Other News Materials 20 April 2010 15:17 (UTC +04:00)
Polish researchers on Tuesday exhumed the body of Stanislaw Pyjas, an anti-Communist activist who died in mysterious circumstances in 1977.
Poland exhumes anti-Communist activist to investigate death

Polish researchers on Tuesday exhumed the body of Stanislaw Pyjas, an anti-Communist activist who died in mysterious circumstances in 1977, DPA reported.

The body was exhumed in Gilowice, southern Poland, and was later to be taken to Krakow for testing.

Pyjas was found dead on May 7, 1977 outside a Krakow apartment. Prosecutors at the time said Pyjas had "fallen down the stairs." It was suspected Pyjas was killed by the secret services of Poland's then Communist government, but investigations in 1991 and 1999 were dropped due to lack of evidence.
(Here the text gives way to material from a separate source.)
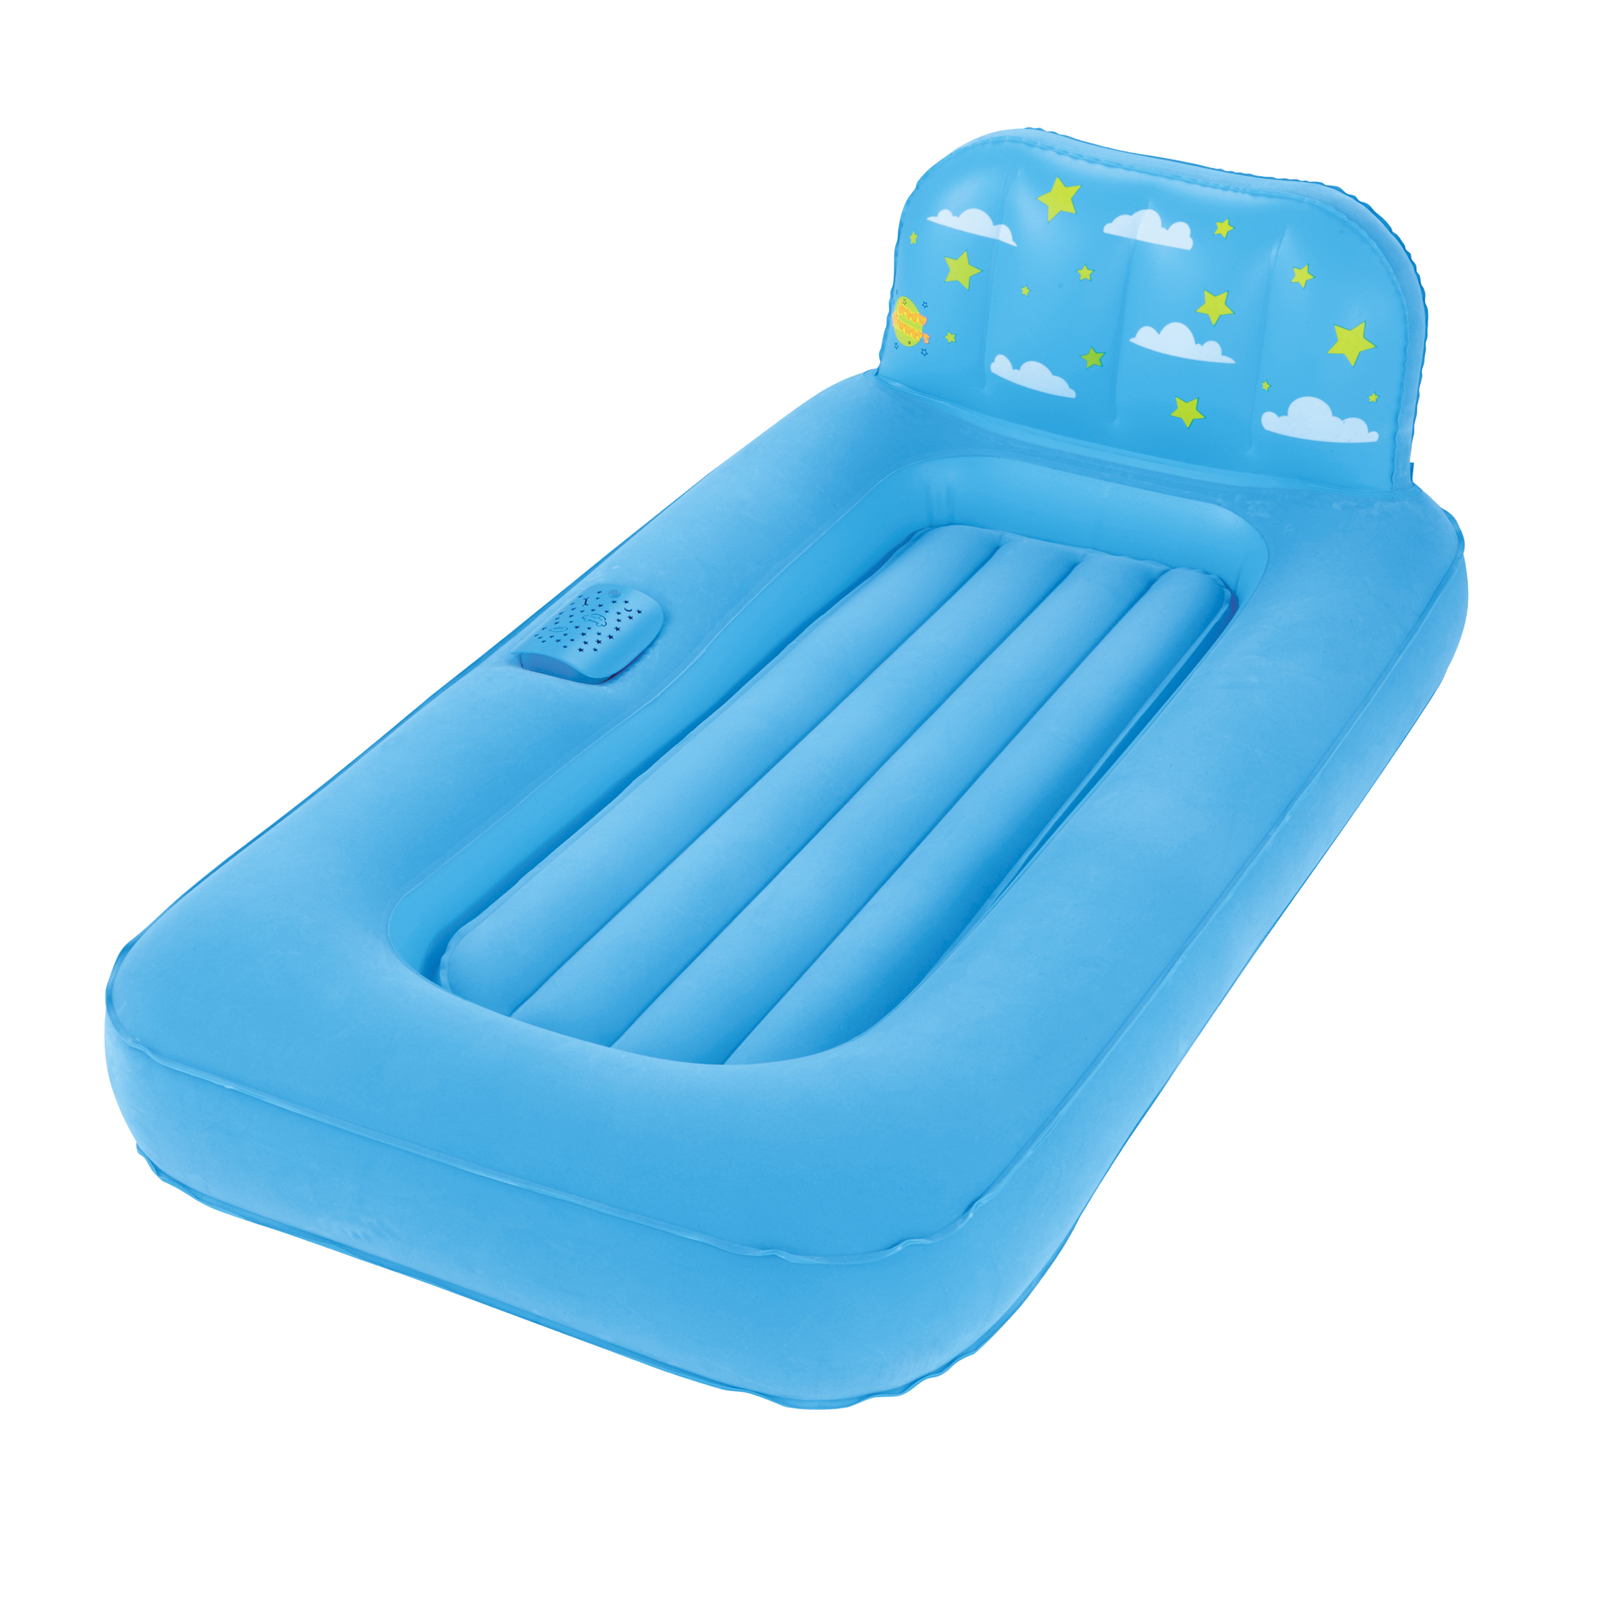 UPC 821808100743 product image for Bestway Dream Glimmers Blue Comfort Airbed | upcitemdb.com

The current investigation was launched by prosecutors after new evidence emerged. It is the fifth probe into the death. Researchers did not say how long the investigation would take.

Pyjas was a student at Krakow's Jagiellonian University, and a member of the Workers' Defence Committee, which helped organize protests against Poland's communist regime.

Prosecutors were given the nod to exhume the body on March 18 from Janusz Kurtyka, head of the Institute of National Remembrance, which investigates Nazi and Soviet crimes.

Kurtyka said the investigation would settle the "mechanisms and reasons" of the student's death.

Kurtyka was one of the 96 victims who died in a plane crash on April 10 in Smolensk, Russia that also killed Polish President Lech Kaczynski and dozens of politicians.